When posting things home, out of Kenya, airmail packages are expensive
but surface mail (up to a maximum of 20kg) is good value, reliable and
worth considering if you've accumulated things on your travels. Parcels
must be no more than 105cm long and the sum of the three sides less than
200cm, and must be wrapped in brown paper and tied with string. They are
usually examined in advance, so everything has to be checked, in the
post office, before you wrap it. Cheaper for large consignments (over
10kg) is to get yourself and the parcel to the British Airways cargo
counter at Jomo Kenyatta International Airport in Nairobi. BA can send
it to any airport they serve - rapid and efficient to London, but can
take weeks to anywhere else.
Telephones
The local telephone service is generally dependable and inexpensive; not
so long distance, which gets close to international rates. Outside the
big towns, you can spend a long time waiting for a connection or passing
the time of day with the operator. Phonecards are a help, if you find
any (no easier outside large towns than finding a working phone that
will take them).
To make local calls from a call box you need a good handful of Ksh1, 5
and 10 coins. When you pick up any pay phone you'll hear a sustained
tone and, in the background, a series of beeps. After five beeps you
dial (you can dial before that, but you might lose your money). Use the
area code or dial 900 for the operator.
The easiest and most economical way to make an international call is to
dial direct from a cardphone (most commonly found outside Telekom
offices and post offices). The prepaid, credit-card-sized plastic
phonecards used in them can often be bought at newsstands, Telekom
offices and post offices, but are often unavailable. Cardphones are also
useful for using a charge card from your own telephone company (they
don't take ordinary credit cards). You dial 0800/44 for the UK or
0800/10 for the USA or Canada and get through to an international
operator in your country. The operator should be able to tell you how
much the call - charged to your account - will cost; the Kenyan Telekom
people have no idea.
In the absence of a cardphone it's possible to make operator-assisted
international calls from a main post office ("station-to-station").

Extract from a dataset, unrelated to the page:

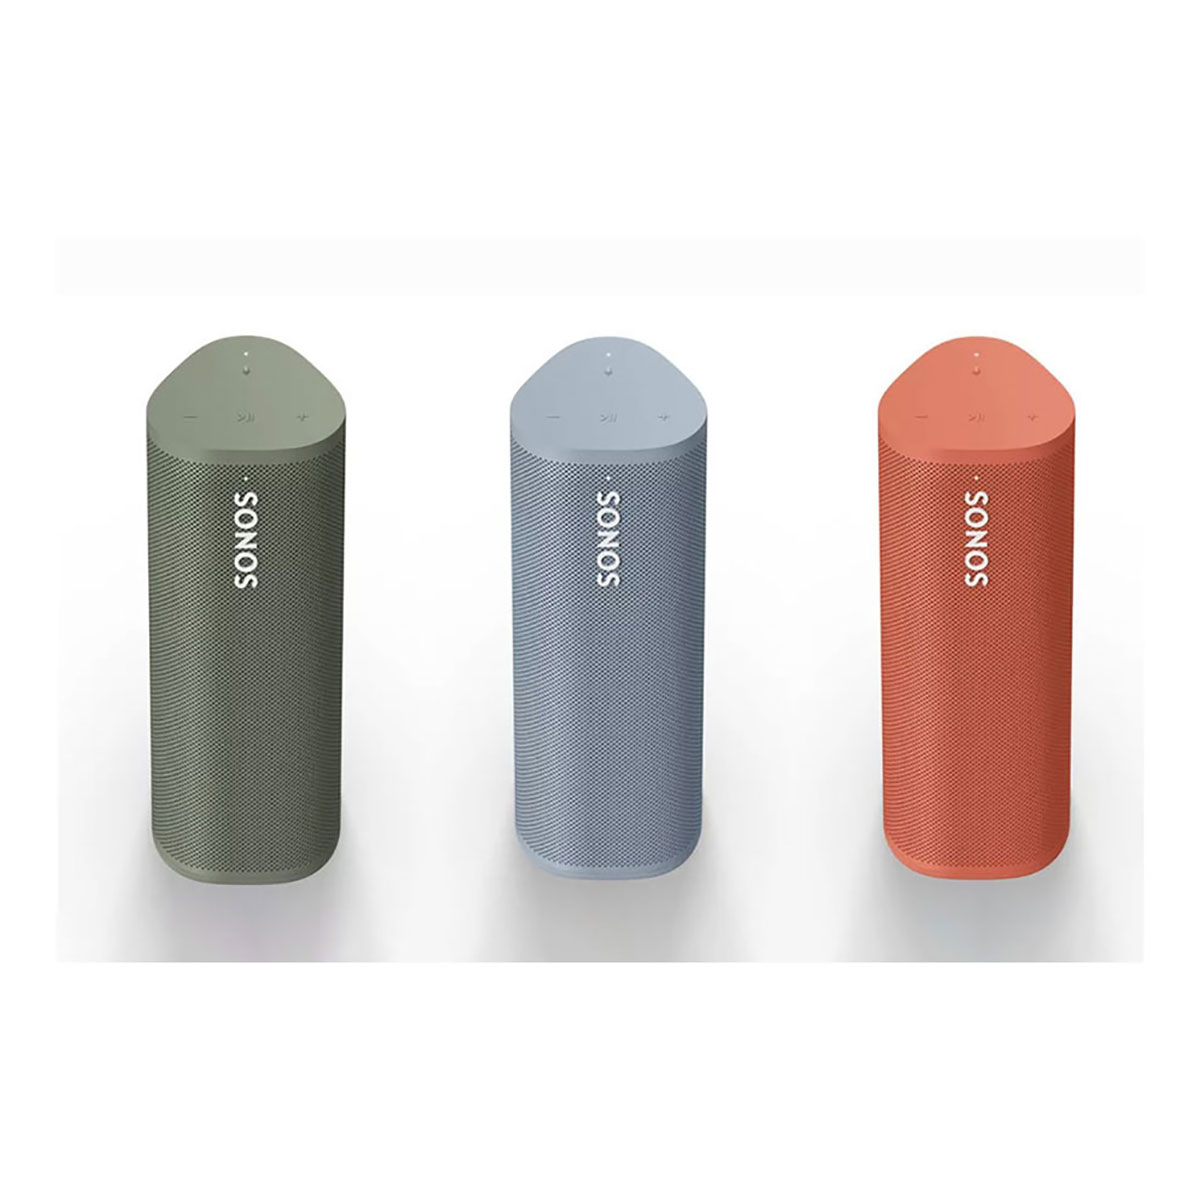 Sonos - Roam, Portable Smart Speaker, Wi-Fi, Bluetooth, Green

Charges are about £10 ($14) for three minutes to Europe, more to North
America or Australasia. Shorter calls are now possible, but cost more
per minute (about £6/$9). When you ask for a station-to-station
connection, you pre-pay for a specified number of minutes, and you get
your money back if you fail to get through, but not if the conversation
ends up taking less time than you expected, for example if you get
through to an answering machine. If you want more minutes you have to
specify how many - all very user-unfriendly. You can also usually phone
from large hotels, but you could pay well over twice the usual price for
this facility.
Collect calls can also be made, but not from call boxes. Three minutes'
worth costs about £13 ($20). It works out cheaper overall if you call
your correspondent briefly and ask them to call you back at a hotel.
Larger post offices and some internet or telecommunications offices have
fax machines - the international rate is around £5/$7 per page - or you
can use a private fax bureau, where the rate will sometimes be cheaper.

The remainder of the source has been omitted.